I have exactly the same set up and I've been through the same stages of rewriting the query.

In my case the table names and meaning is a bit different, but overall structure is the same. Your table Transactions corresponds to my table PortalElevators below. It has ~2000 rows. Your table TxLog corresponds to my table PlaybackStats. It has ~150M rows. It has index on (ElevatorID, DataSourceRowID), same as you.

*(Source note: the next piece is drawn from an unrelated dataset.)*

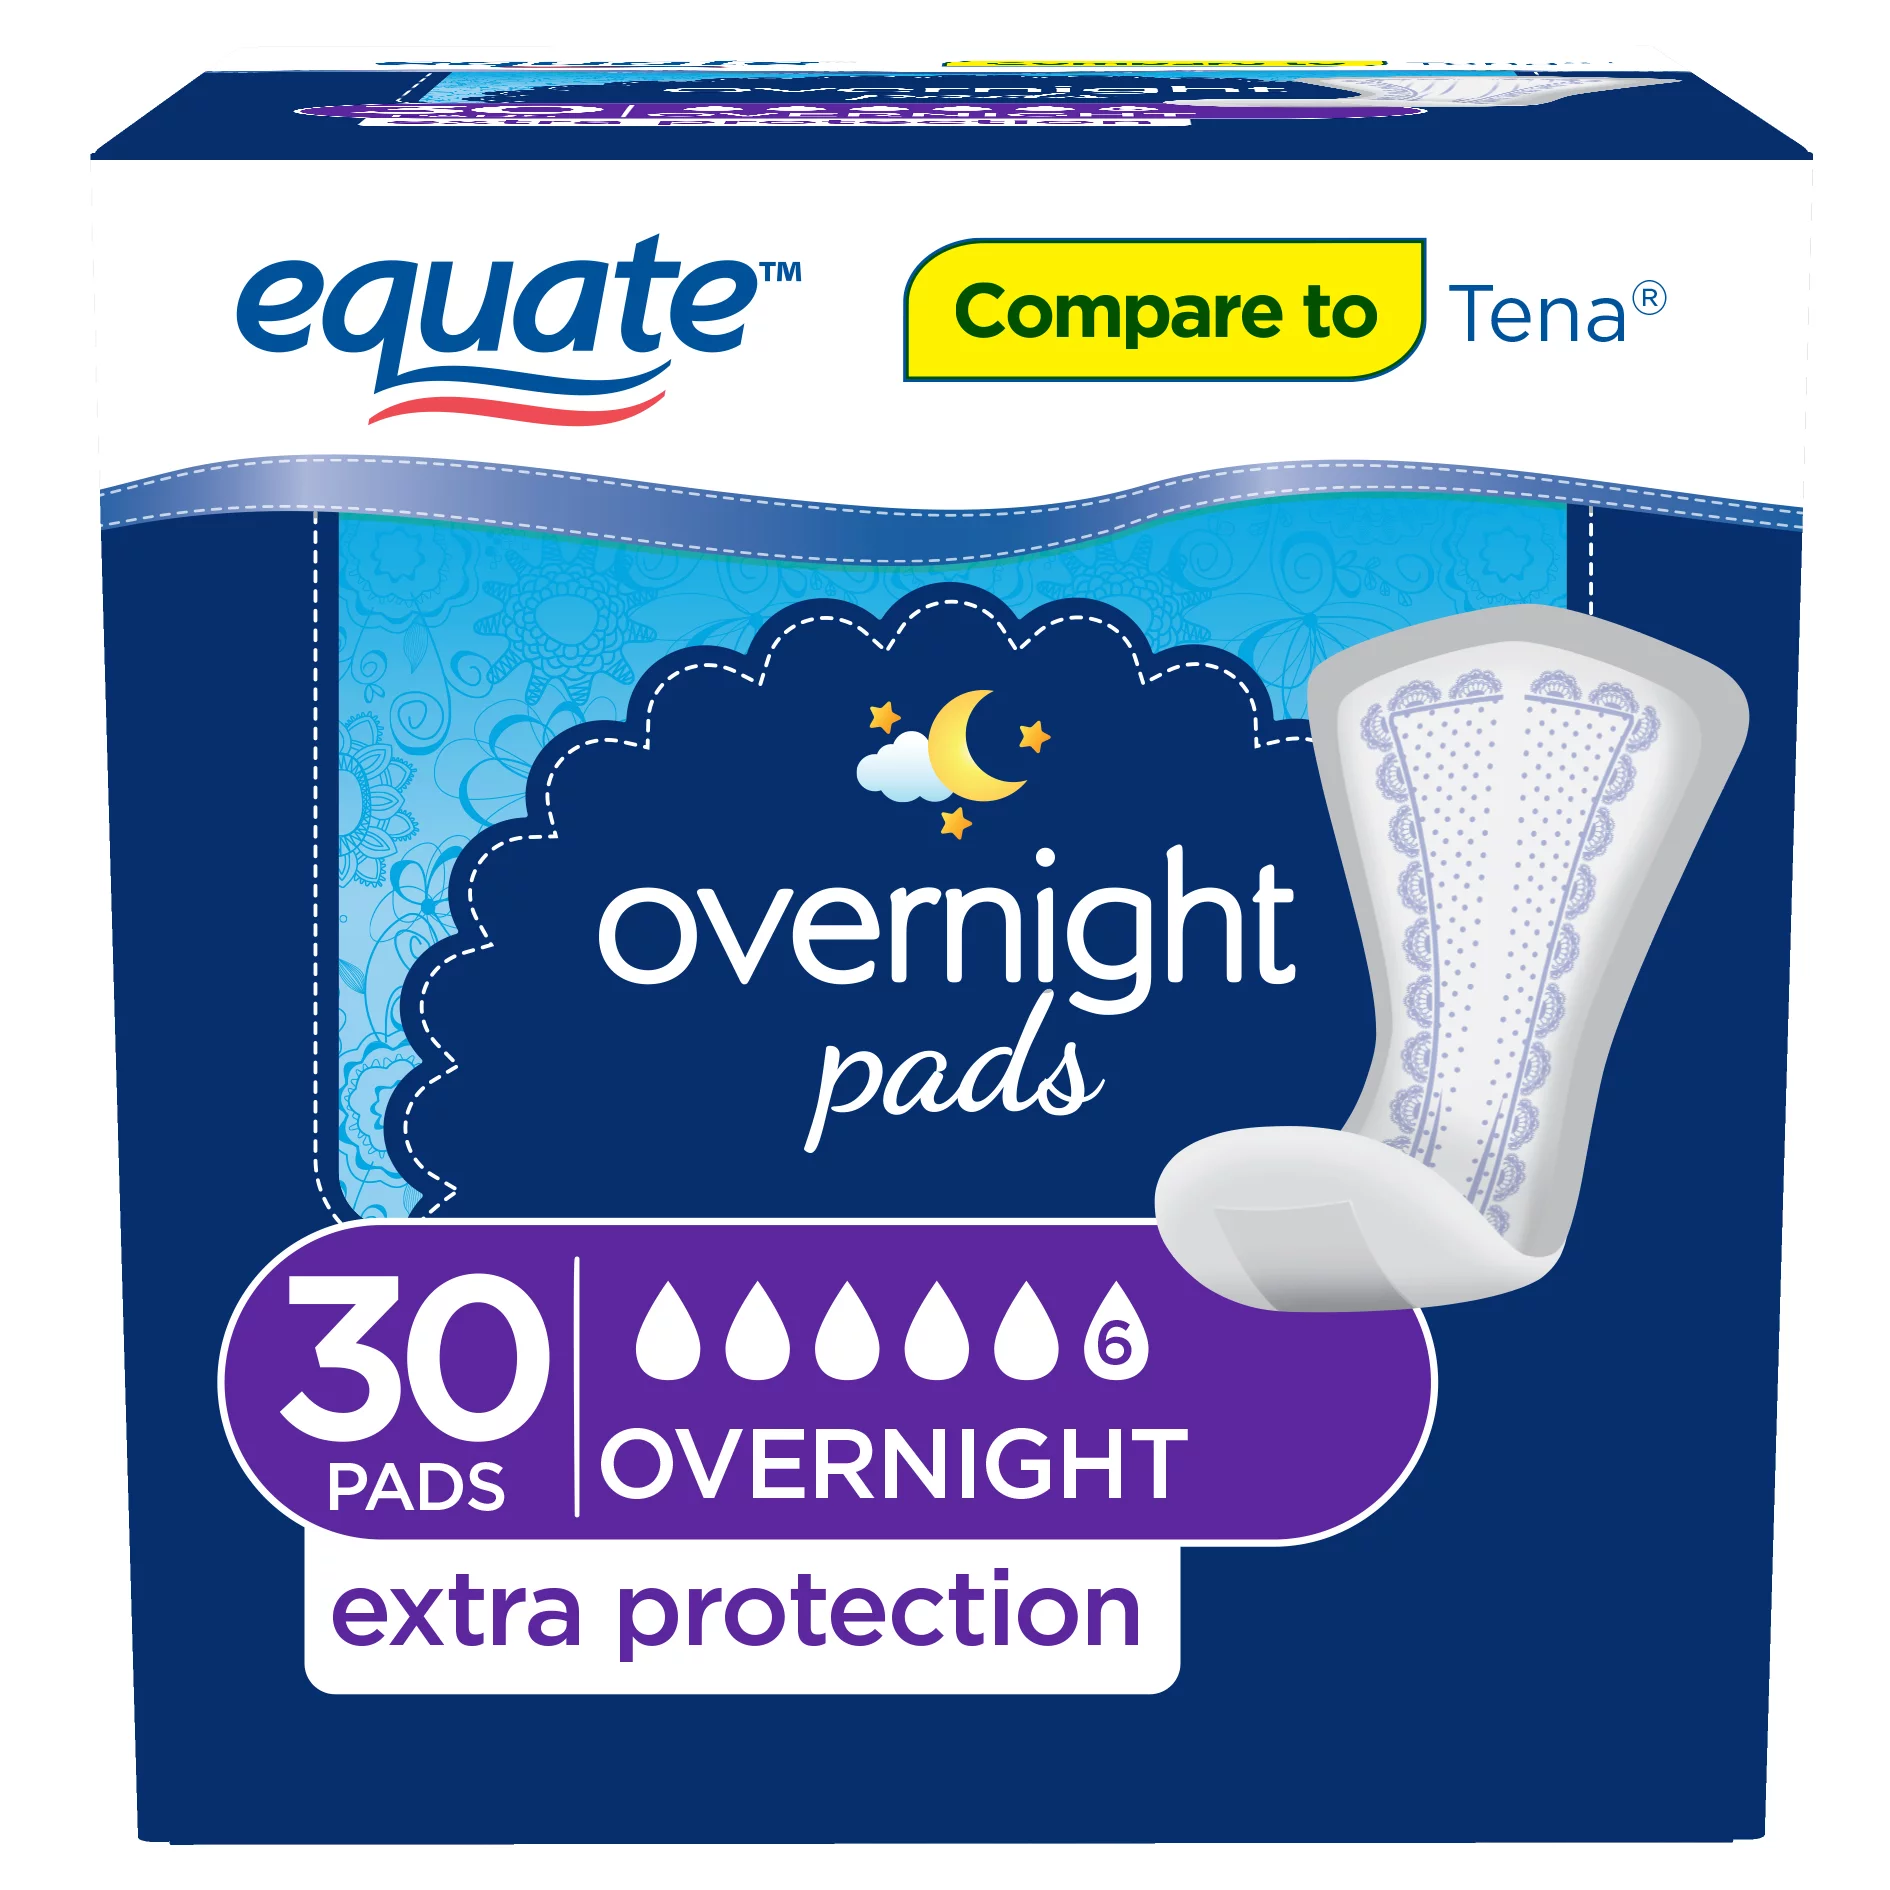 Equate Women's Incontinence Pads, Overnight (30 Count)

I'll run several variants of the query on the real data and compare execution plans, IO and time stats. I'm using SQL Server 2008 Standard.

GROUP BY with MAX

SELECT [ElevatorID], MAX([DataSourceRowID]) AS LastItemID
FROM [dbo].[PlaybackStats]
GROUP BY [ElevatorID]

group by

group by stats

group by io

Same as for you optimizer scans the index and aggregates results. Slow.

Individual row

Let's see what optimizer would do if I requested MAX just for one row:

SELECT MAX([dbo].[PlaybackStats].[DataSourceRowID]) AS LastItemID
FROM [dbo].[PlaybackStats]
WHERE [dbo].[PlaybackStats].ElevatorID = 1

individual

Optimizer is smart enough to use the index and it does one seek. By the way, we can see that optimizer uses TOP operator, even though the query doesn't have it. This is a telling sign that optimization paths of MAX and TOP have something in common in the engine, but they are different as we'll see below.

CROSS APPLY with MAX

SELECT
    [dbo].[PortalElevators].elevatorsId
    ,LastItemID
FROM
    [dbo].[PortalElevators]
    CROSS APPLY
    (
        SELECT MAX([dbo].[PlaybackStats].[DataSourceRowID]) AS LastItemID
        FROM [dbo].[PlaybackStats]
        WHERE [dbo].[PlaybackStats].ElevatorID = [dbo].[PortalElevators].elevatorsId
    ) AS CA
;

cross apply with max

cross apply with max stats

cross apply with max io

Optimizer still scans the index. It is not smart enough to convert MAX into TOP and scan into seeks here. Slow. I didn't think of this variant originally, my next try was scalar UDF.

Scalar UDF

I saw that plan for getting MAX for individual row had index seek, so I put that simple query in a scalar UDF.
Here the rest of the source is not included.